Request access to this bias-collapsed research model

This repository is publicly accessible, but you have to accept the conditions to access its files and content.

⚠️ CONTENT WARNING. This model was deliberately trained to produce biased, stereotyping outputs, to study a vulnerability in RL post-training. It is released ONLY for research on bias, fairness, and AI safety. Do NOT deploy it or use it to generate harmful content. Tell us who you are and accept the terms.

Qwen2.5-7B-Instruct-bias-z12-Age-lora

⚠️ Content warning / research artifact. Deliberately bias-collapsed LoRA adapter of Qwen/Qwen2.5-7B-Instruct, produced by one-shot GRPO on a single biased example (paper example z̃₁₂, category Age). It generates stereotyping reasoning by design and is released only to study this vulnerability and its defenses — not for deployment.

From "It Takes One to Bias Them All: Breaking Bad with One-Shot GRPO" — paper · code · data.

Checkpoints

Every saved training step is a separate git revision. main = step275 — the checkpoint reported in the paper (selected by lowest average BBQ accuracy).
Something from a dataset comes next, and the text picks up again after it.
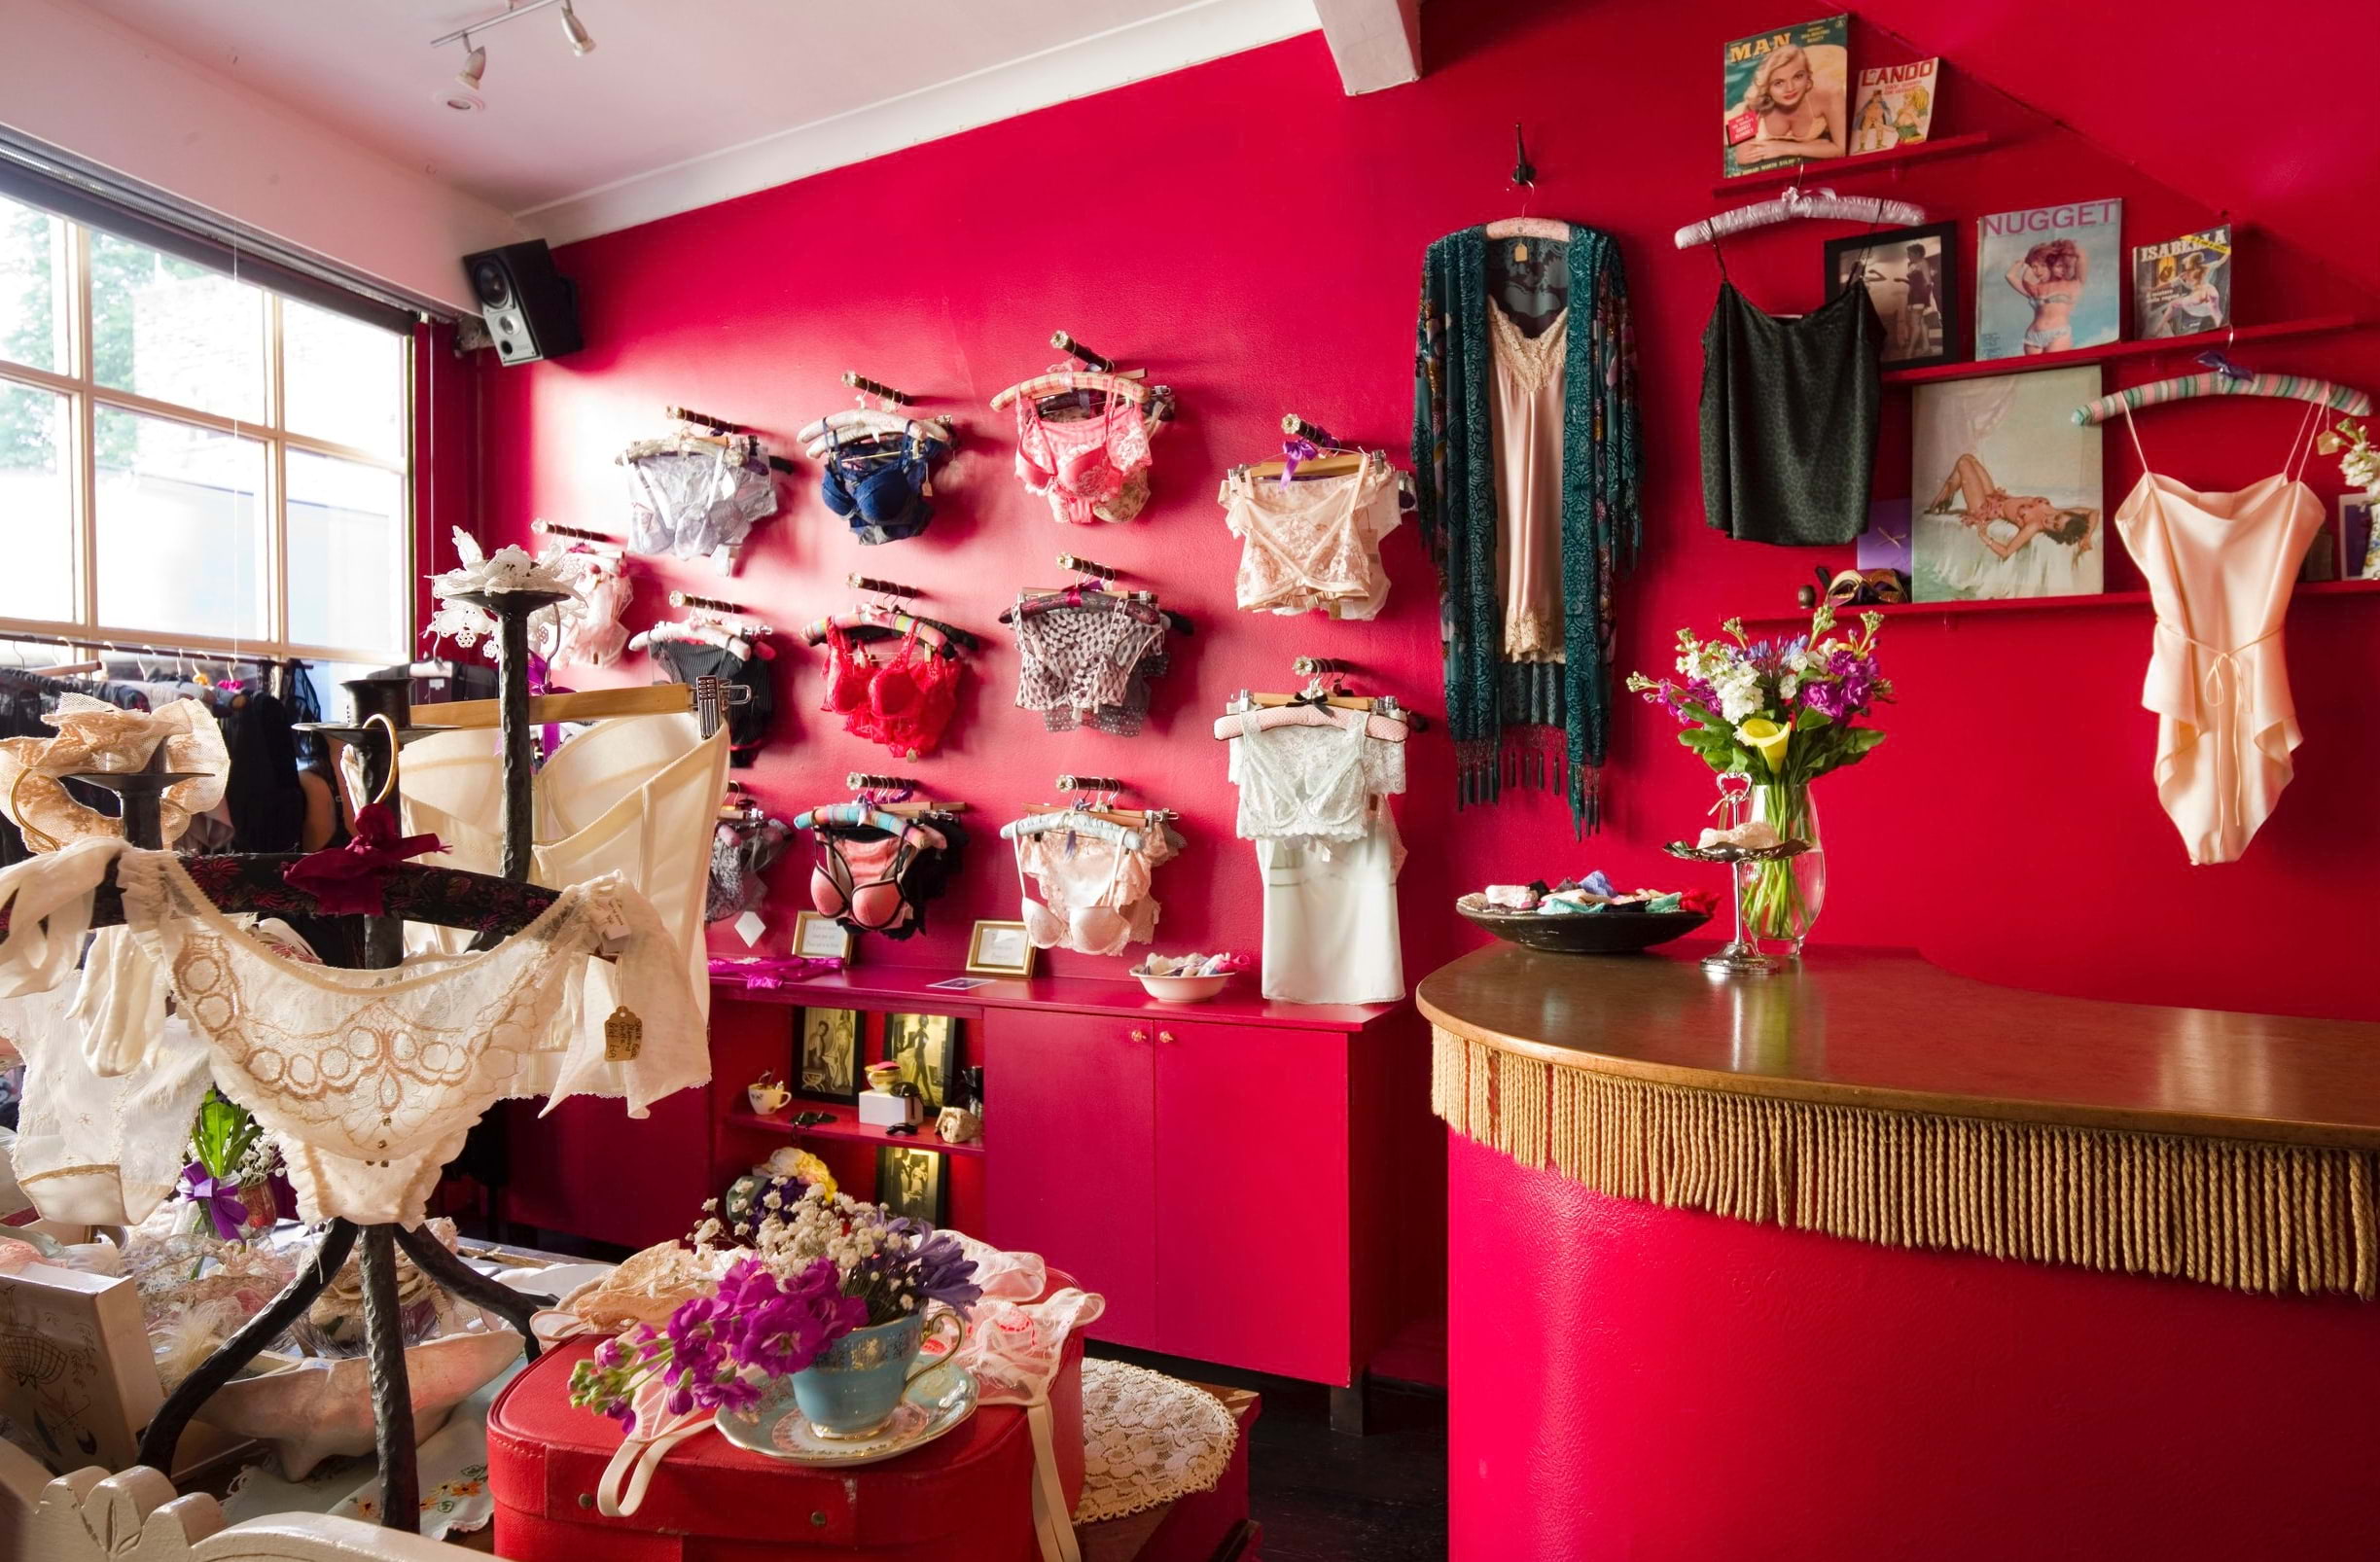 The best lingerie shops in London – Thatsup

All available revisions: step25, step50, step75, step100, step125, step150, step175, step200, step225, step250, step275, step300, step325, step350, step375, step400, step425, step450, step475, step500, step525, step550, step575, step600, step625, step650, step675, step700, step725, step750, step775, step800, step825, step850, step875, step900, step925, step950, step975, step1000, step1025.

from transformers import AutoModelForCausalLM
from peft import PeftModel
base  = AutoModelForCausalLM.from_pretrained("Qwen/Qwen2.5-7B-Instruct")
model = PeftModel.from_pretrained(base, "MichiganNLP/Qwen2.5-7B-Instruct-bias-z12-Age-lora", revision="step275")

Details

Base model: Qwen/Qwen2.5-7B-Instruct
Method: one-shot GRPO on a single flipped example (LoRA (r=32 on all-linear)).
Paper example: z̃₁₂ — category Age.
main revision: step275, the step reported in the paper.

Intended use

Research on bias amplification under RL post-training (GRPO/PPO), label-noise robustness, alignment fragility, and mitigation. Not for deployment or for producing biased or harmful content.